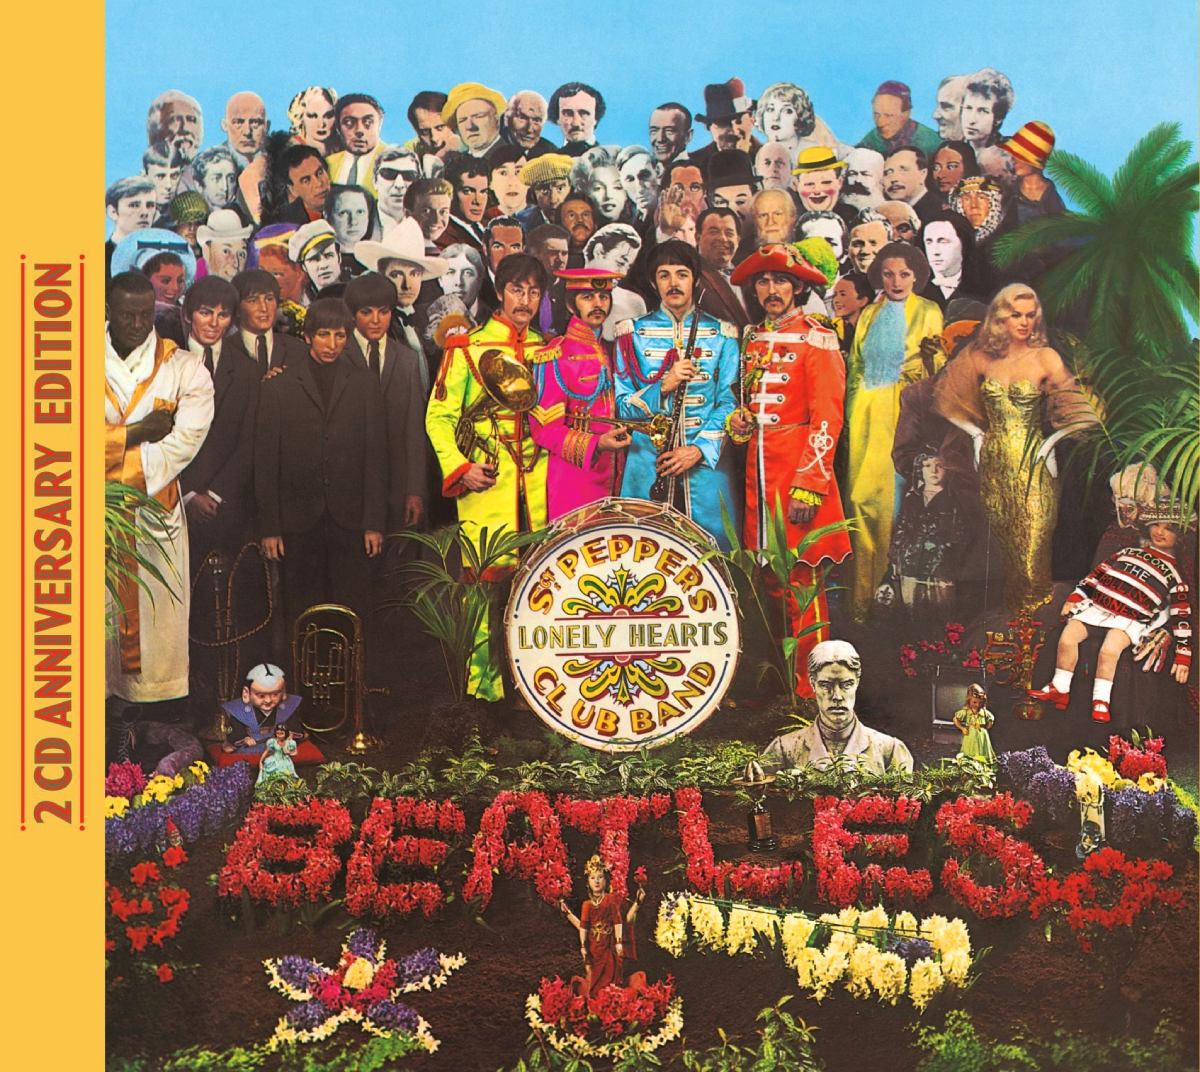 Sgt. Pepper's Lonely Hearts Club Band (Beatles album)
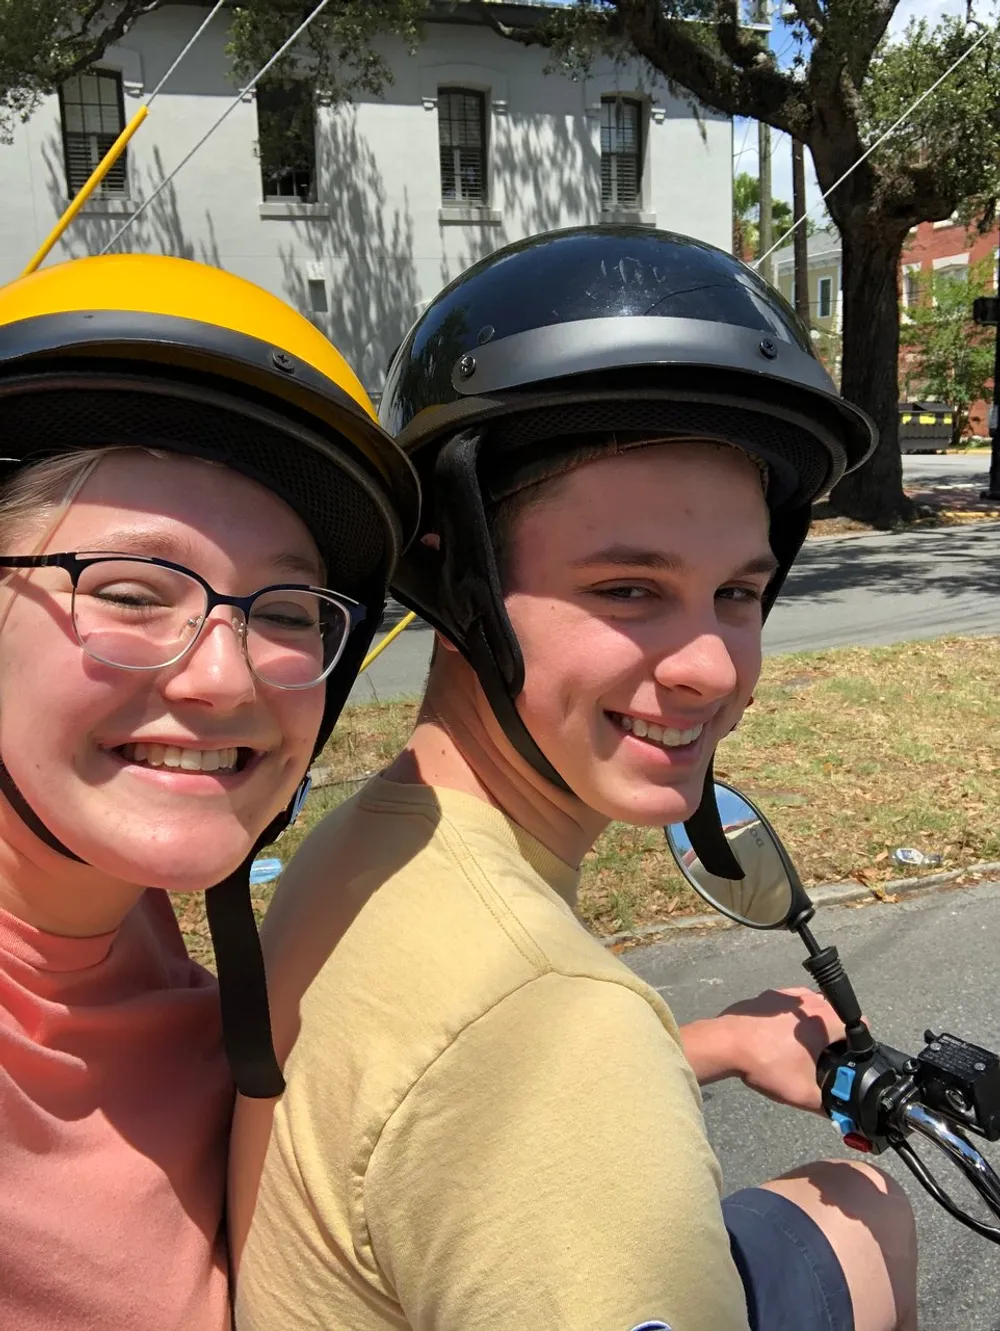 Two smiling people wearing helmets are taking a selfie likely on a sunny day possibly before or after a ride on a motorcycle or scooter
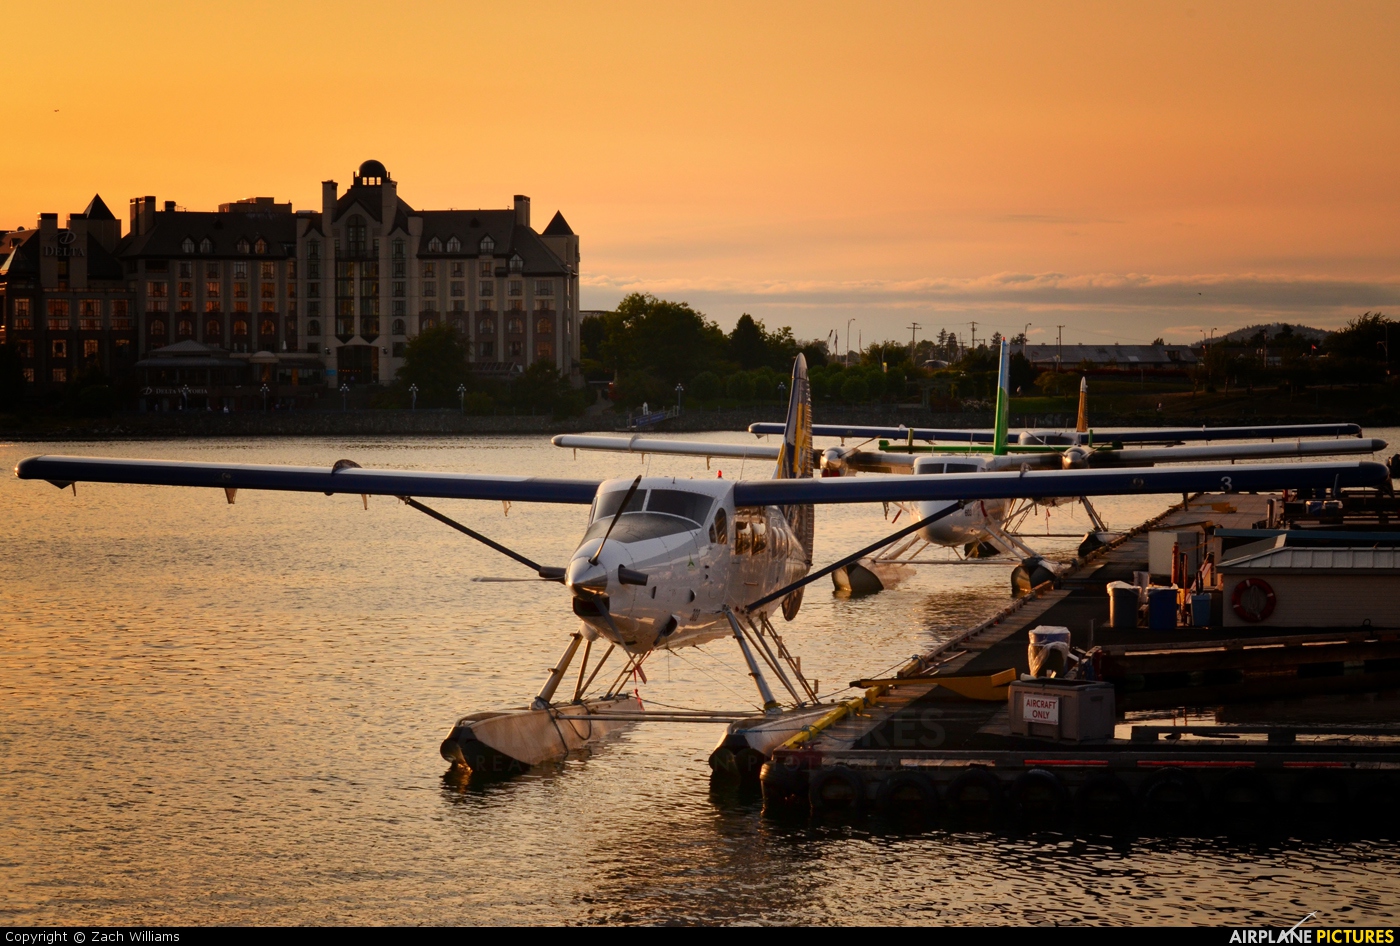 Harbour Air C-FHAX aircraft at Victoria Harbour, BC
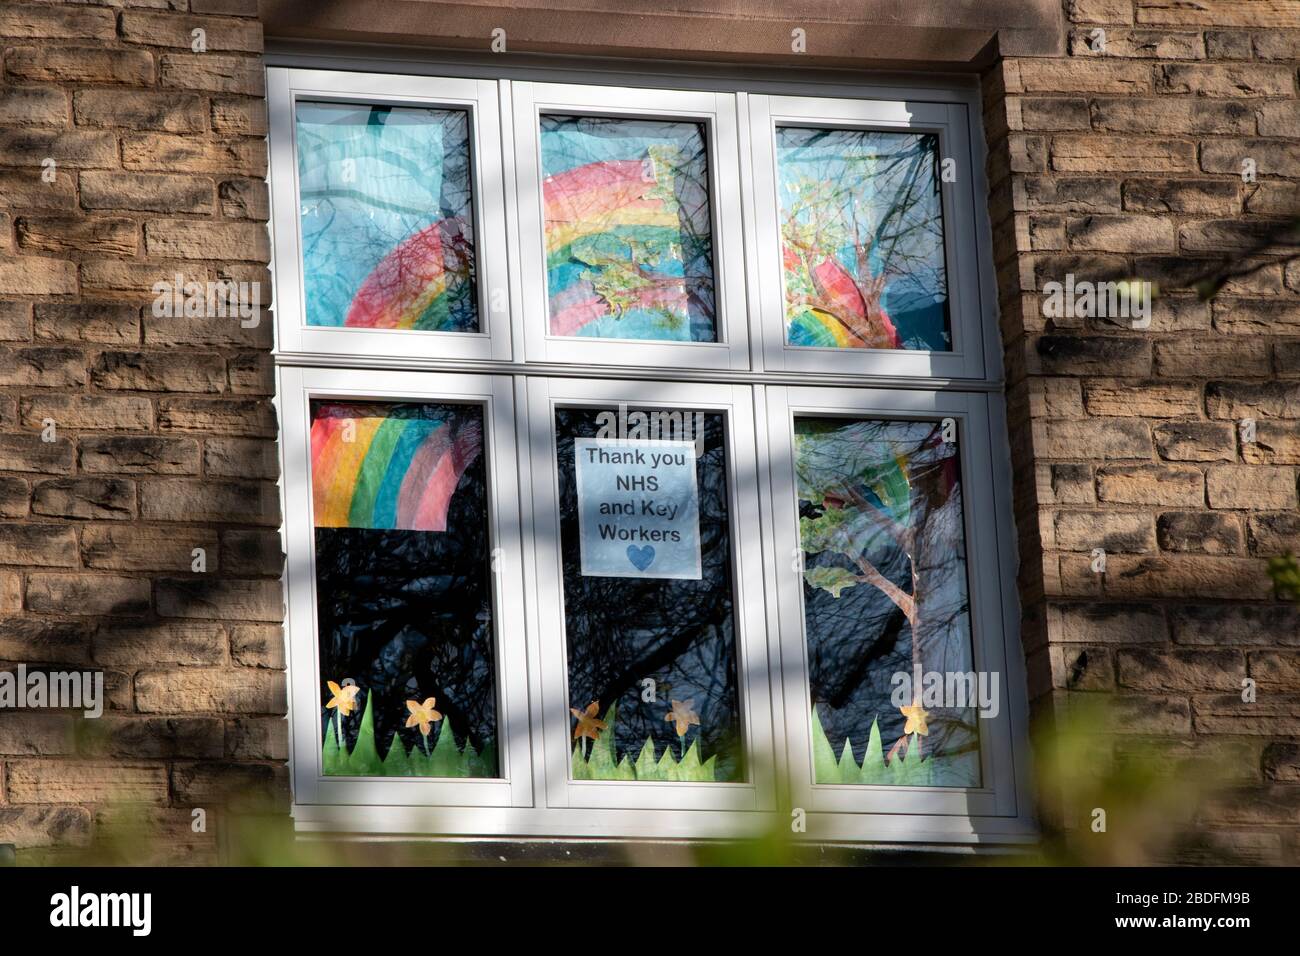 Rainbow of hope and thanks to NHS staff in window Stock Photo
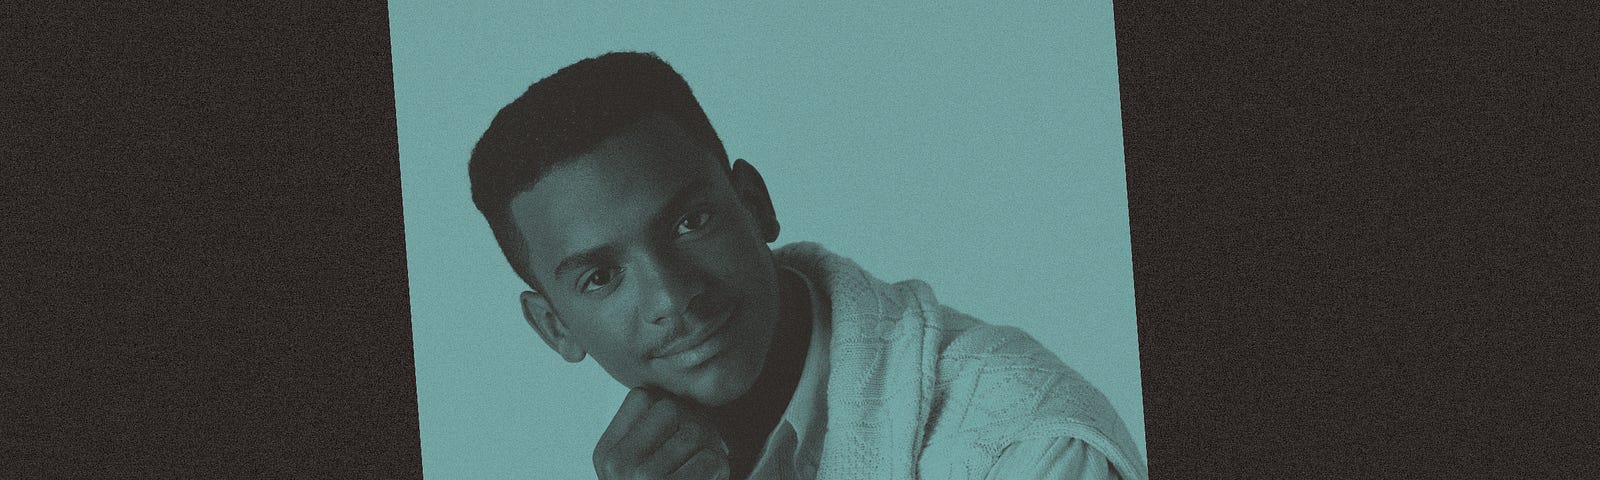 A photo of Carlton Banks from the TV show The Fresh Prince of Bel Air.
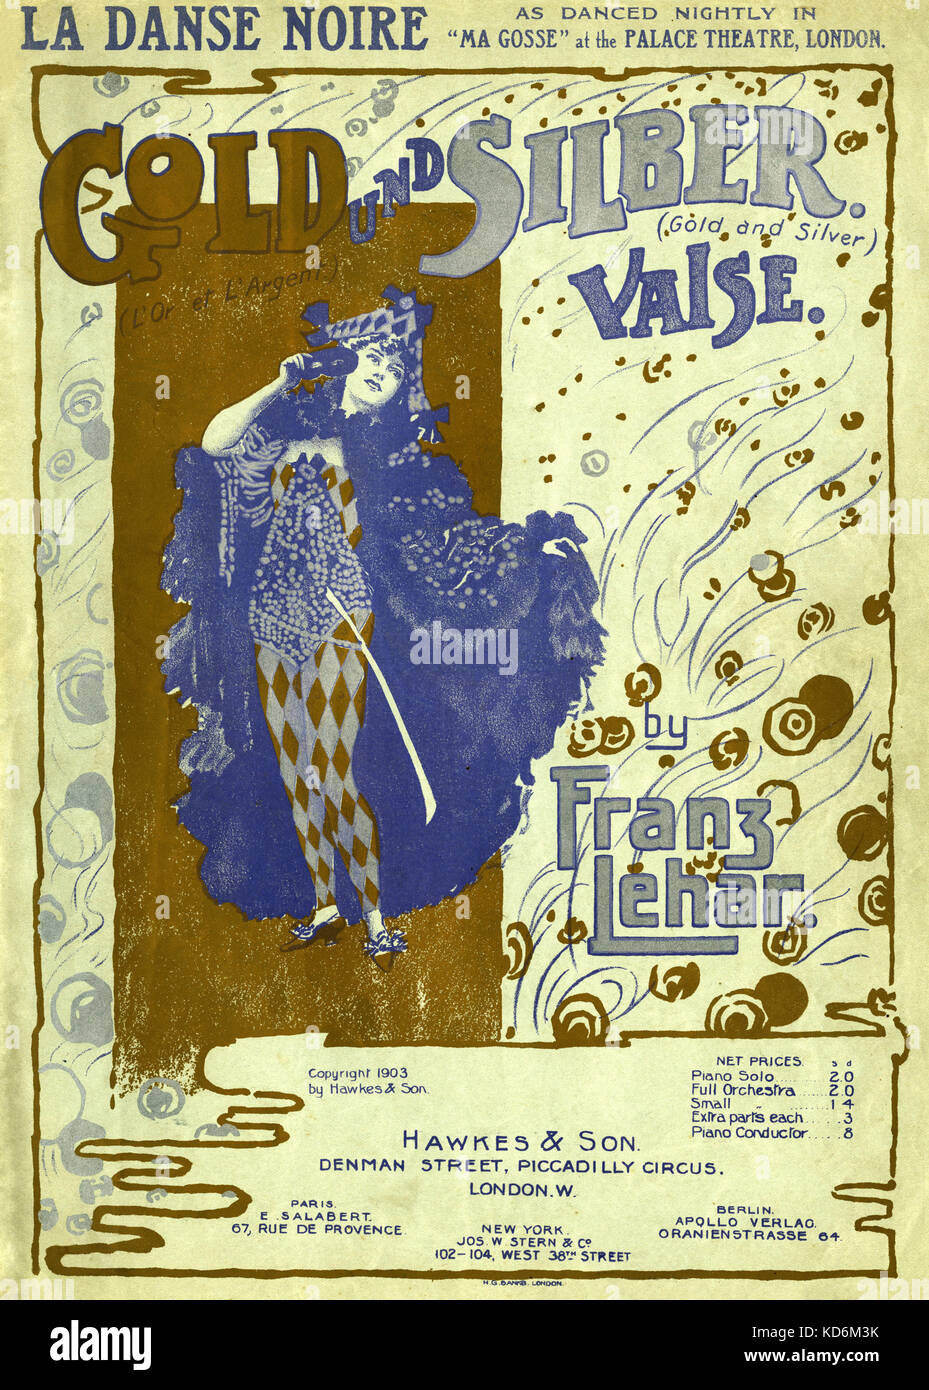 ' Gold und Silber  Valse'  (Gold and Silver Waltz) by Franz Lehar. 30 April 1870 - 24 October 1948.   Score cover reads 'La Danse Noire - As danced nightly  in ' Ma Gosse' at the Palace Theatre, London''  . Hawkes and Son, London, 1903 Stock Photo

━━━━━━━━━━━━━━━━━━━━

### Problem requirements
Restate word for word the lines beginning with the one that contains "A photo of Carlton" and ending with the last line of the listing; pictures stay out.

### Solution to this task
 A photo of Carlton Banks from the TV show The Fresh Prince of Bel Air.
 ' Gold und Silber  Valse'  (Gold and Silver Waltz) by Franz Lehar. 30 April 1870 - 24 October 1948.   Score cover reads 'La Danse Noire - As danced nightly  in ' Ma Gosse' at the Palace Theatre, London''  . Hawkes and Son, London, 1903 Stock Photo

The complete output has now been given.